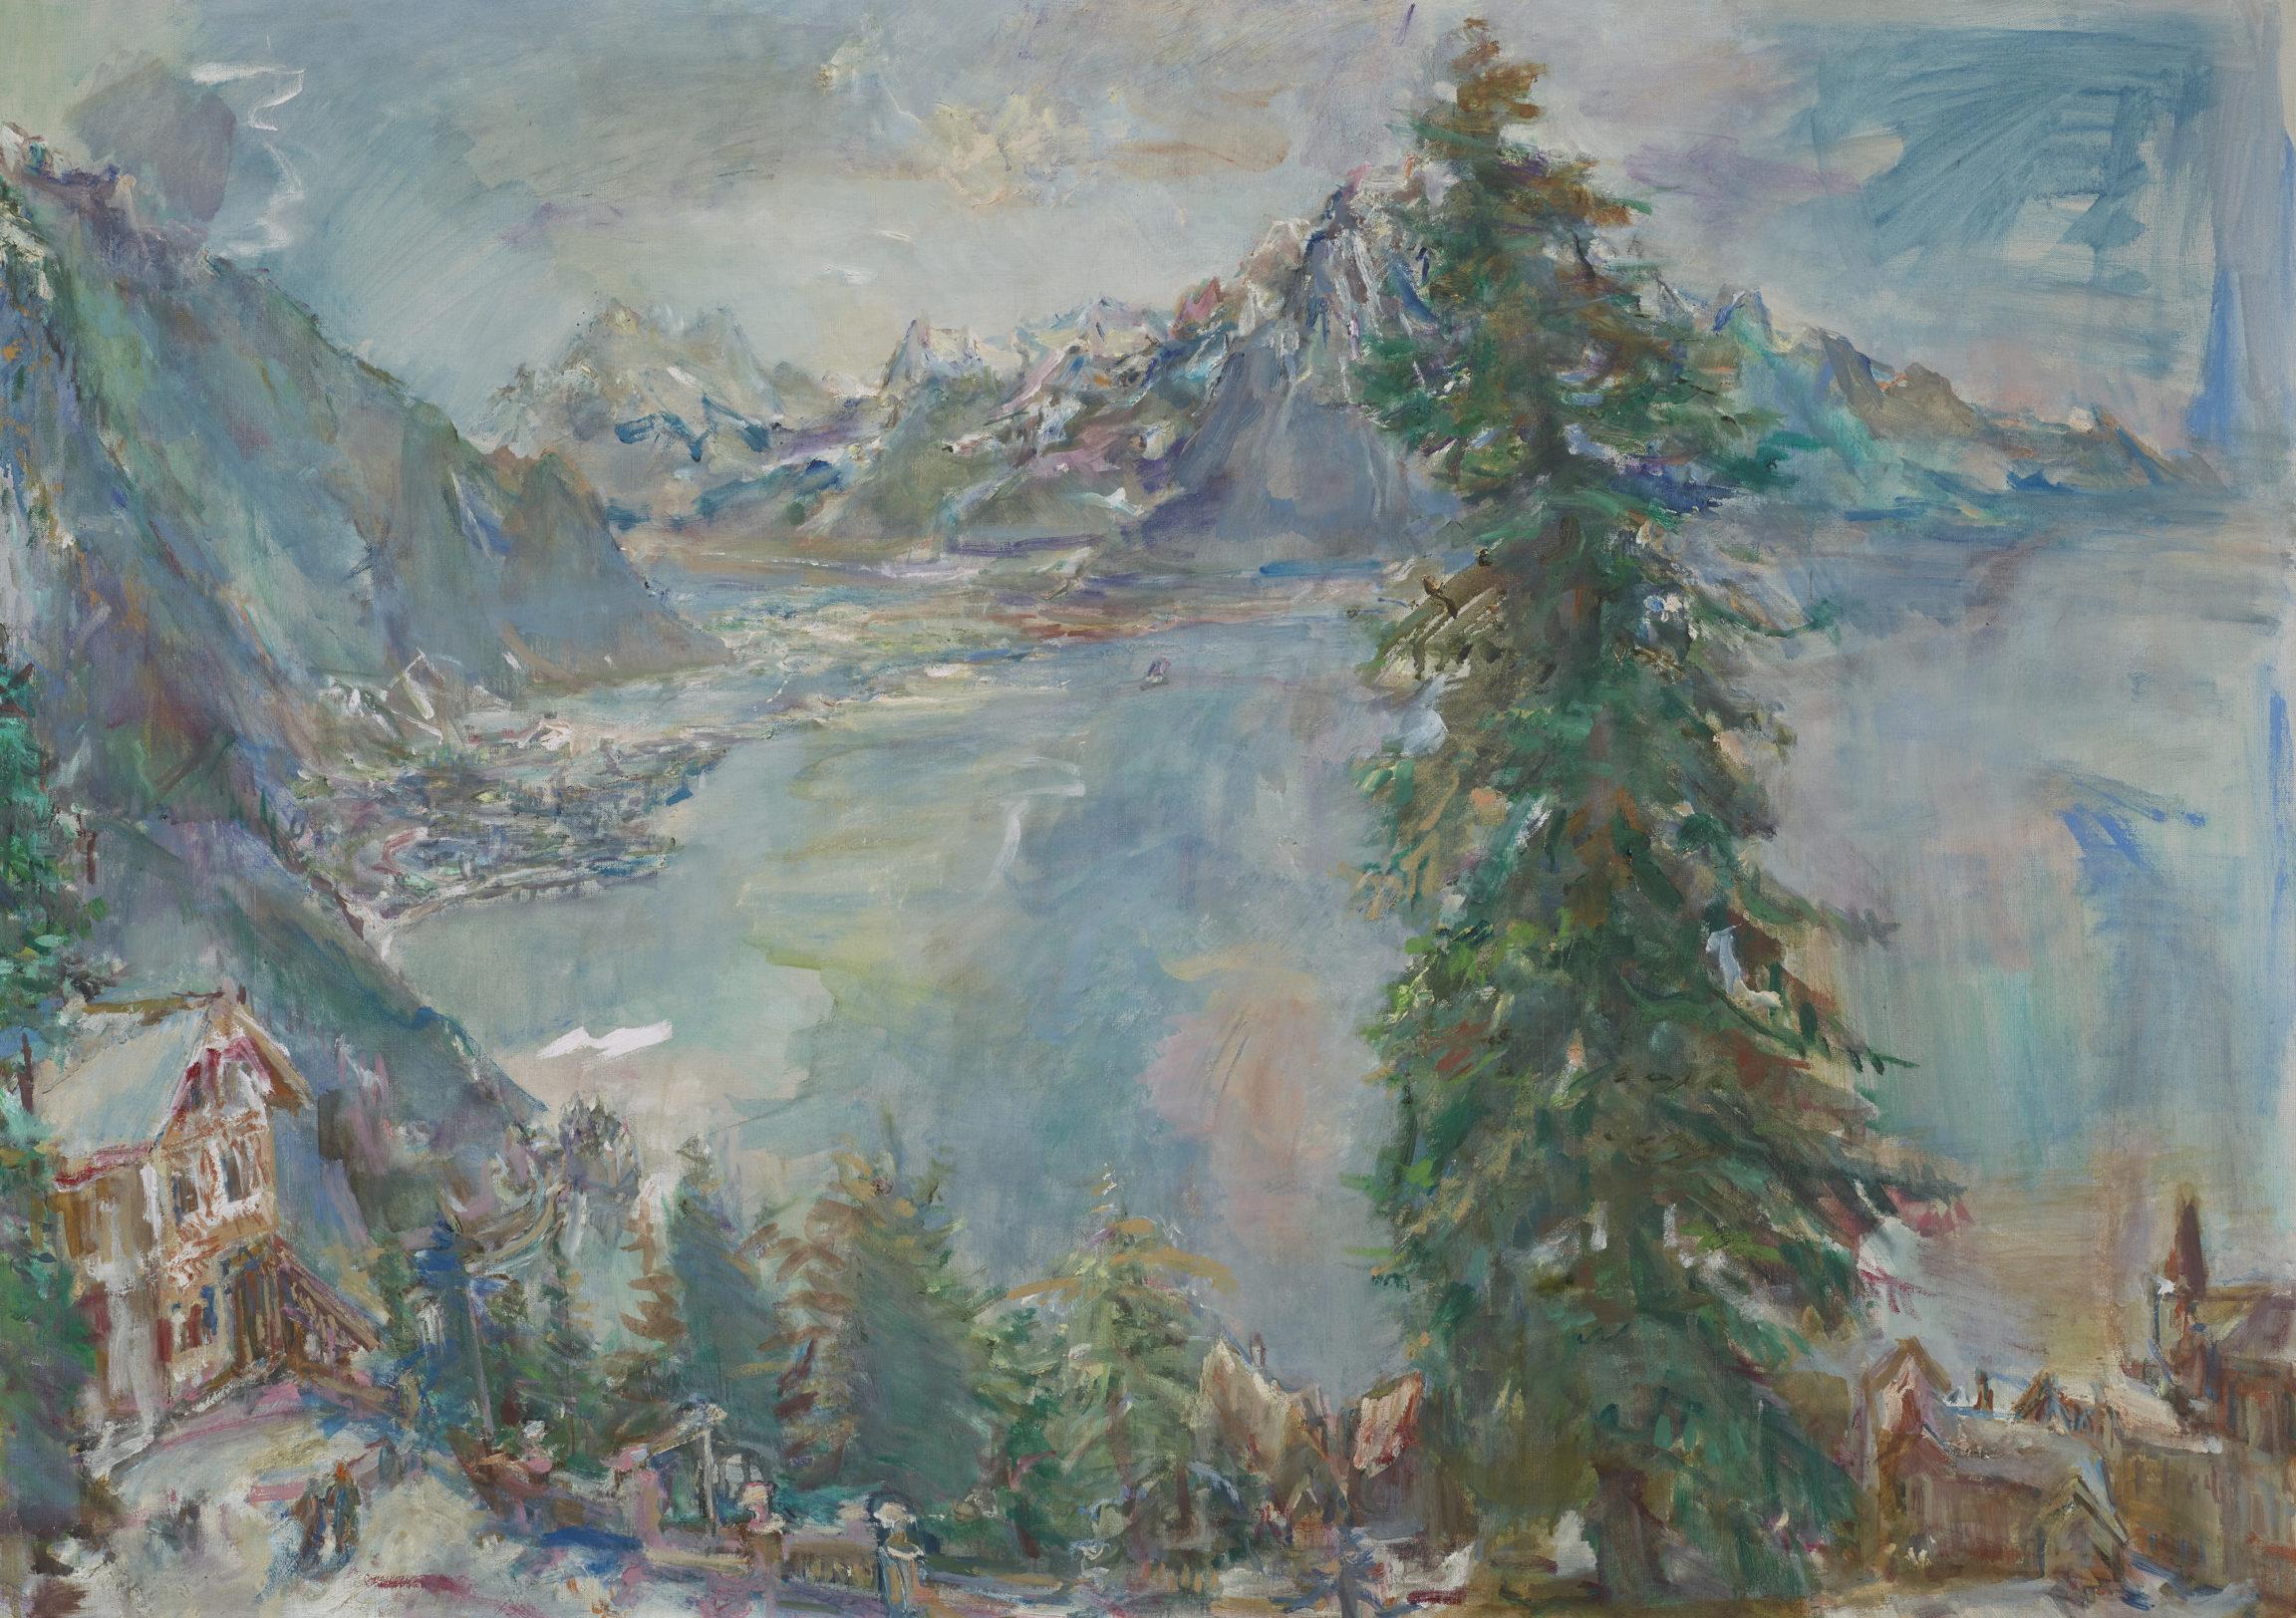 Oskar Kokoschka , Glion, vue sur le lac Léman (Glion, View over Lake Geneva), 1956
==
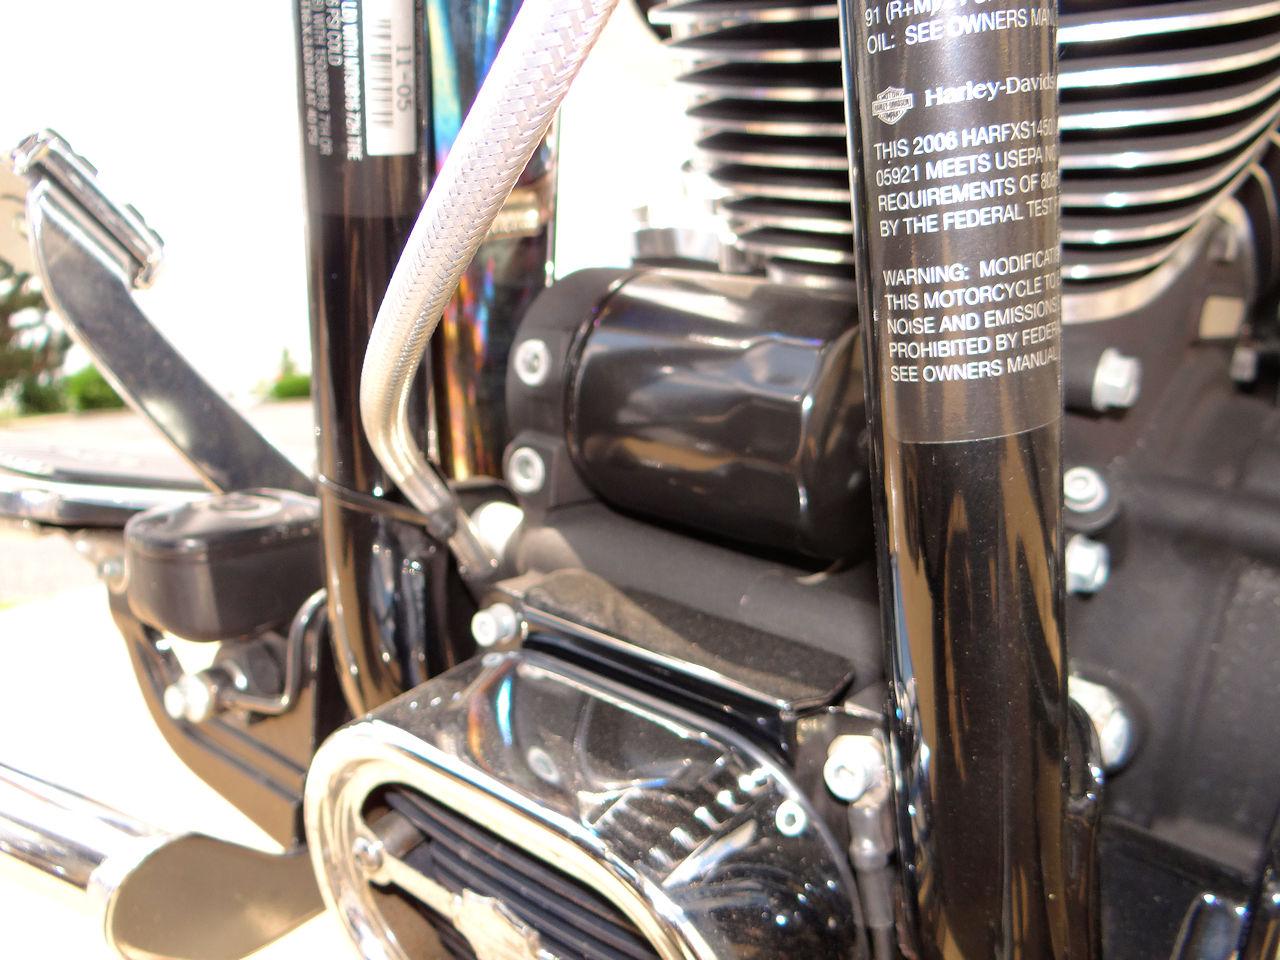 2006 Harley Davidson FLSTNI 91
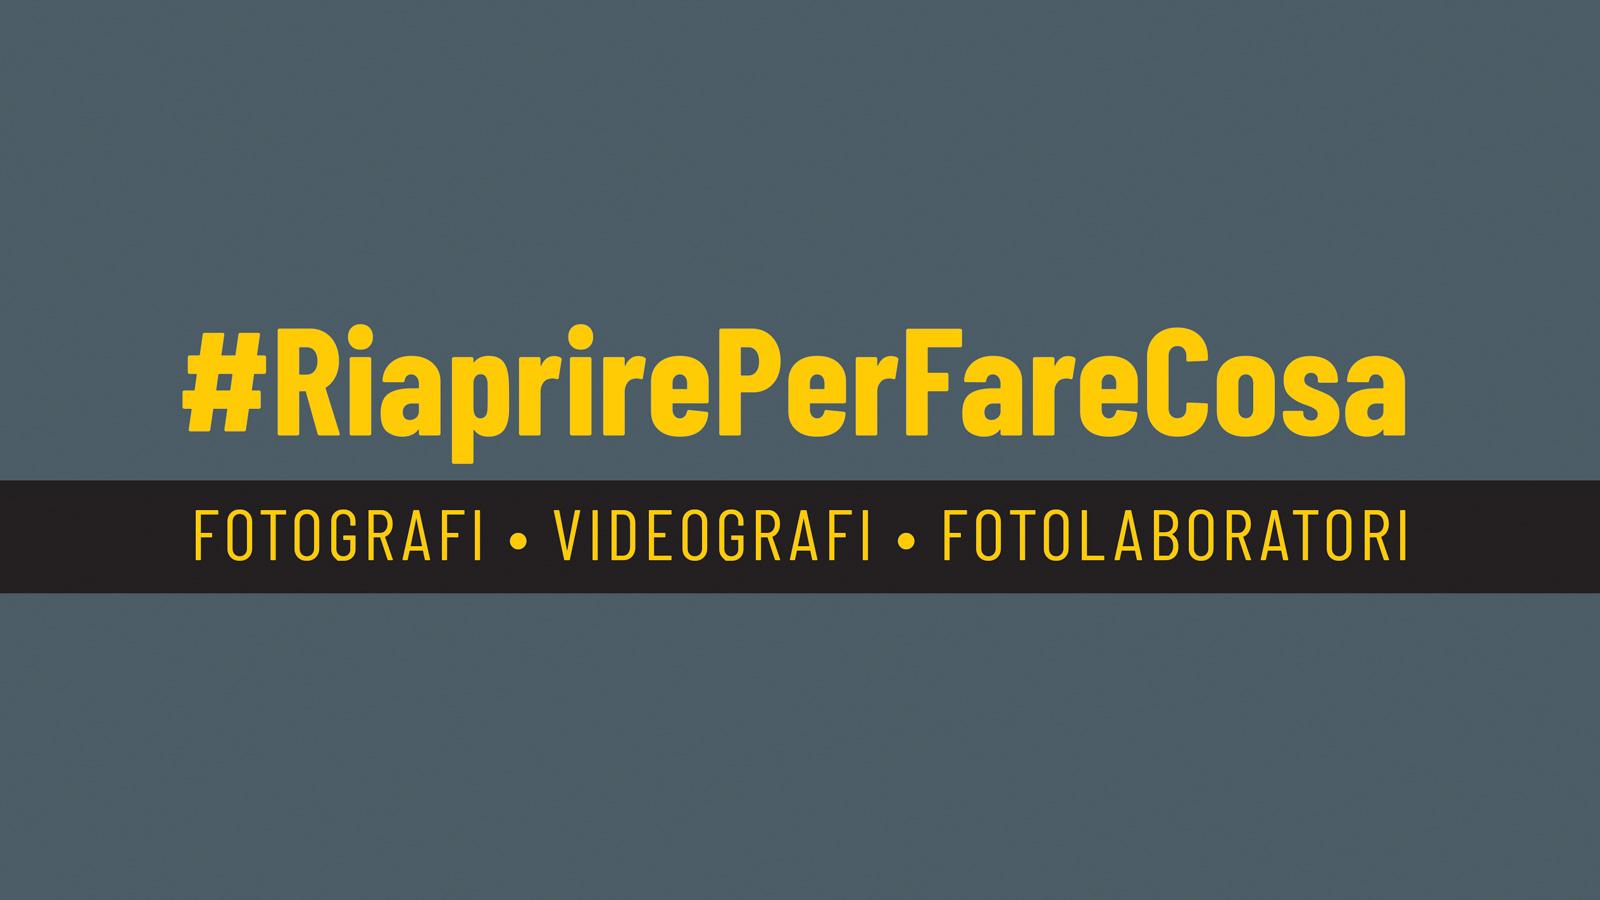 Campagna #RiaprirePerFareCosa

Brief
A word-for-word reproduction is needed of the lines above from the line containing "2006 Harley Davidson FLSTNI 91" through the line containing "Campagna #RiaprirePerFareCosa", with both ends kept and no pictures.

Written solution
 2006 Harley Davidson FLSTNI 91
 Campagna #RiaprirePerFareCosa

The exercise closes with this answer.